FHV was originally isolated from the grass grub Costelytra zealandica near the Flock House Agricultural research station in New Zealand in 1983. Although isolated from a Coleopteran insect, FHV replicates efficiently in cultured Drosophila cells and in vivo, providing a valuable model to study host-virus interactions (Li et al, 2002; Galiana-Arnoux et al., 2006; Wang et al., 2006).

4.2.2.2 Sindbis virus (SINV)

SINV is the type-specific member of alphaviruses, a widely distributed group of significant human and animal pathogens that belong to the family of Togaviridae. Among them, Venezuelan equine encephalitis and O'nyong nyong viruses are an important public health threat. Alphaviruses circulate in nature by continuous transmission between mosquitoes and susceptible vertebrate hosts. In insect vectors, they cause lifelong chronic infections, whereas vertebrate hosts show acute disease characterized by a high viraemia. SINV was originally collected in 1952 from the mosquito Culex univittatus near the town of Sindbis in Egypt. SINV is one of the least pathogenic alphaviruses, but its study provided highly valuable information about the mechanism of RNA replication and virus interaction with host cells. SINV has a single-stranded RNA genome of 11 703 nt. The RNA is capped at the 5' end, and polyadenylated at the 3' end. It is packaged in an icosahedral nucleocapsid surrounded by a lipid envelope embedded with glycoprotein components. Virions are about 70 nm in diameter. The 5' two-thirds of the genomic RNA encode four non-structural proteins, nsP1 to nsP4, that form, together with cellular factors, an RNA-dependent RNA polymerase complex required for transcription and replication of the RNA. The 3' one-third codes for the structural proteins C, E1, E2, E3, and 6K. In nature, the basic maintenance cycle of SINV is between mosquitoes and birds, although other vertebrates, including humans, may also be infected, causing only subclinical disease fever. SINV can also replicate in Drosophila, but does not cause overt pathology upon infection in wild-type flies (Galiana-Arnoux et al., 2006).

4.2.2.3 Cricket paralysis virus (CrPV)

CrPV was isolated from laboratory colonies of Australian field crickets (Teleogryllus oceanicus and Teleogryllus commodus) containing some early-instar nymphs which developed a paralysis of the hind legs, became uncoordinated, and died.
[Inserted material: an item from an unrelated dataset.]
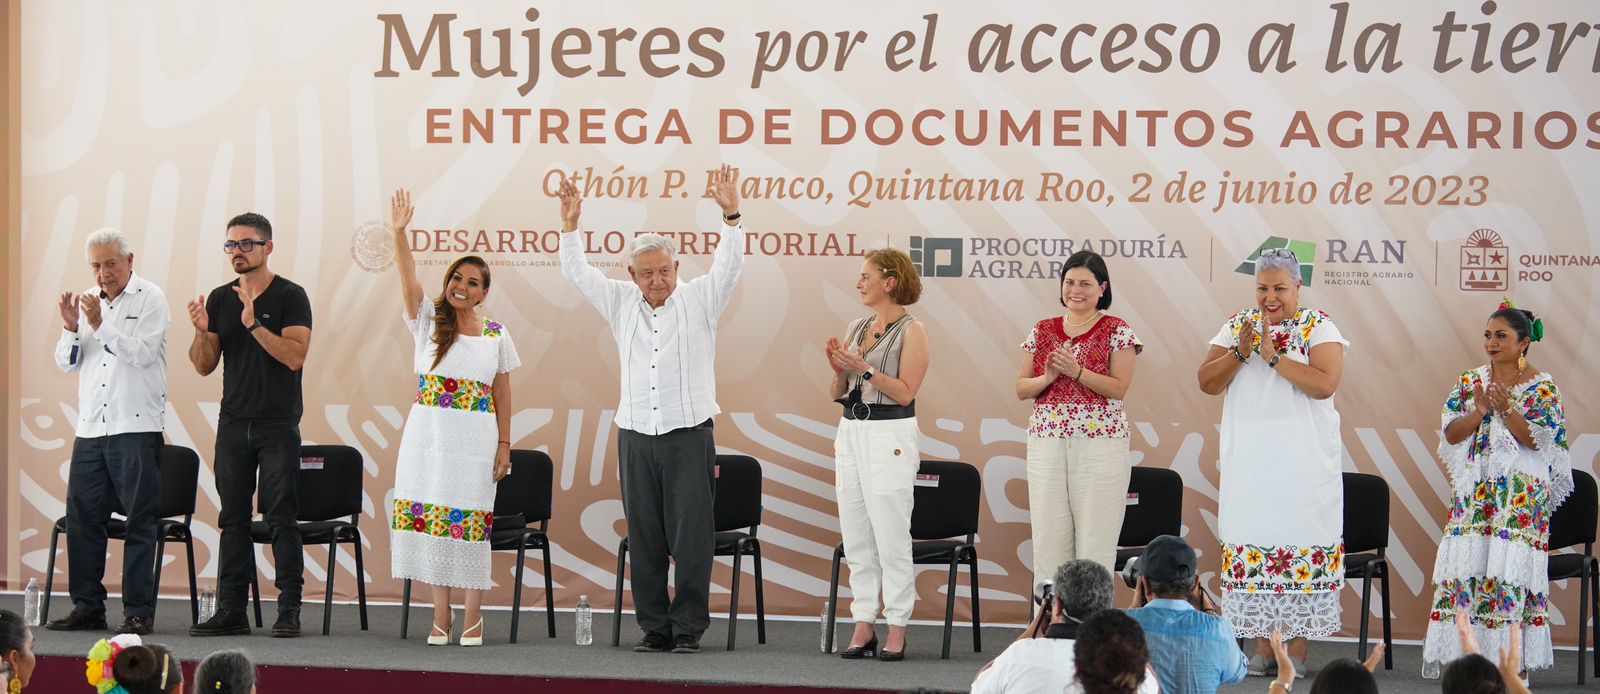 El Presidente López Obrador y Mara Lezama en hecho histórico, entregan documentos agrarios a mujeres en Chetumal

Electron microscopic sections of paralysed insects revealed many virus-like particles in crystalline arrays reminiscent of those observed in picornavirus-infected cells. CrPV belongs to the Dicistroviridae family and is closely related to DCV (Figure 4.1). Although originally isolated from crickets, CrPV has a wide host range, infecting insects belonging to the orders Diptera, Lepidoptera, Orthoptera, and Heteroptera. Importantly, it also replicates efficiently in Drosophila SL2 cells and is pathogenic when injected into flies (Wang et al, 2006).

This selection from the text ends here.